20.12.07

Tutto quanto volevo era pedalare

Quella sera l'autunno inoltrato sfiorava l'inverno, il freddo tagliava il passo a me che impavido mi ficcavo nel groviglietto chilometrico di strade che mi separavano dalla destinazione. Mi ero cacato il cazzo di camminare a piedi.

Le poste centrali erano enormi: l'unico luogo della città dove le bici (quelle di ferro con i freni rocchenroll) erano prive di catenacci a proteggerle da potenziali malinquenti.

Il cattivo ero io stavolta, e la bici mi chiamava nel gelo cadente.
Ed io risposi. Cazzo.
Non dovevo forse?

La gente usciva dalle poste, altri entravano.

L'afferrai per le corna come a domare un toro. Tra l'andirivieni di borghese gentaccia uno aumentava il passo proprio mentre io sfilavo la ruota anteriore dalle forche.

Muovo i miei passi.
Lui anche.
- È sua, cristo.
Correvo con le corna sottobraccio. Uno, due... quatto passi ed eroin groppa.
Accelerarla: quale insormontabile difficoltà.

In tre falcate mi stava quasi alle calcagna.
- Cazzo cazzo!
Premo sui pedali.
- (Mi prenderà...)
- Dove cazzo corri? Pezzo di merda!!
Sgomitolo. Raccabattolo.
- La bici!
Affannava).
- La mia bici cristo!
Bofonchiava con la sciarpa tirata indietro dal vento.
Un moccolo gli pendeva dal naso. Sulla barba incolta il fiatone gelato ristagnava

Scavalcavo la bici per velocizzare l'abbandono del mezzo del reato prima che potesse fottermi. Tenendomi in equilibrio sulle corna e sul solo piede sinistro proseguivo ancora qualche metro.
- Figlio di puttana!
La parete di rete si apriva a fare spazio al cancello che dava sul parco pubblico. Saltato dalla bici e la scaraventavo nel parco.

Accelerava.
Io pure.
Forsennato in corsa, ridevo a crepapelle.

Nel mentre la bici imboccava solitaria ed autonoma la viuzza del parco, l'uomo l'inseguiva con un'inversione a 90 gradi a destra. Mi aveva mollato il tipo.

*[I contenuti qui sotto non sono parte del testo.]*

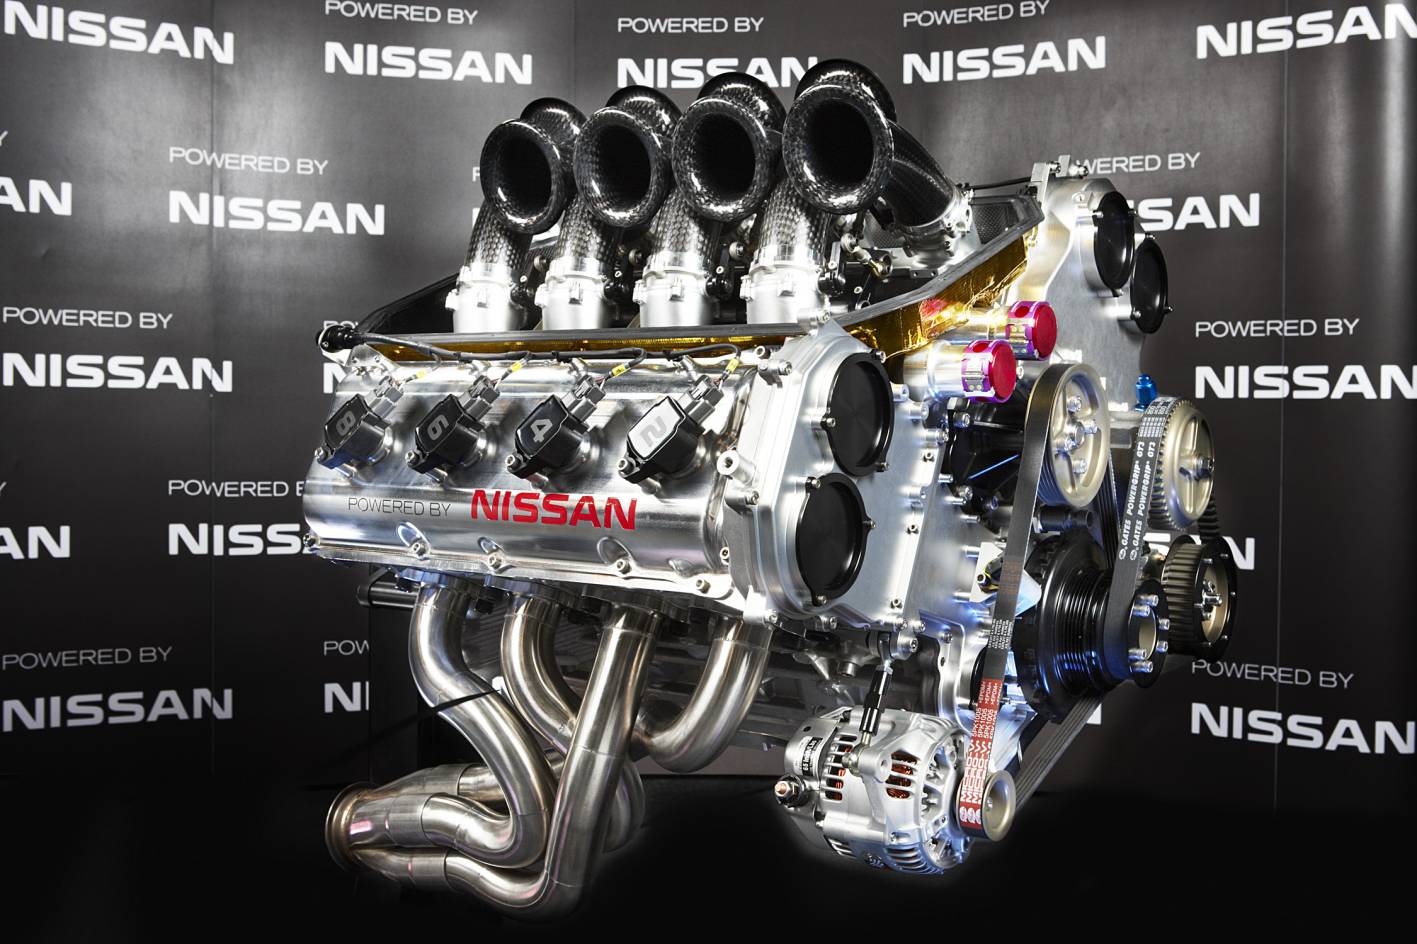 Nissan v8 supercar teams #1

La bici girava a spirale in senso orario tra le urla del maledetto che allungava già le mani, e facendo per inginocchiarsi sulla dinamo a pochi metri oltre l'ingresso istigò nell'uomo un urlo:
- Uomo di merdaAaAaAaAaaAA!
Afferrava finalmente la bici. Soddisfatto ne valutava eventuali escoriazioni.

Continuavo a correre fino a pogiarmi all'angolo del binario 4 della stazione.
Le risate riecheggiavano impastate al fiatone ed attaccate alle natiche della disperazione.
Il sorriso si riappropriava delle sue labbra.
La luna si dileguava nella nebbia.
La città preparava la cena.

Il desiderio di possesso è più forte della sete di giustizia.

1 commento:

Anonimo ha detto...

...bei tempi...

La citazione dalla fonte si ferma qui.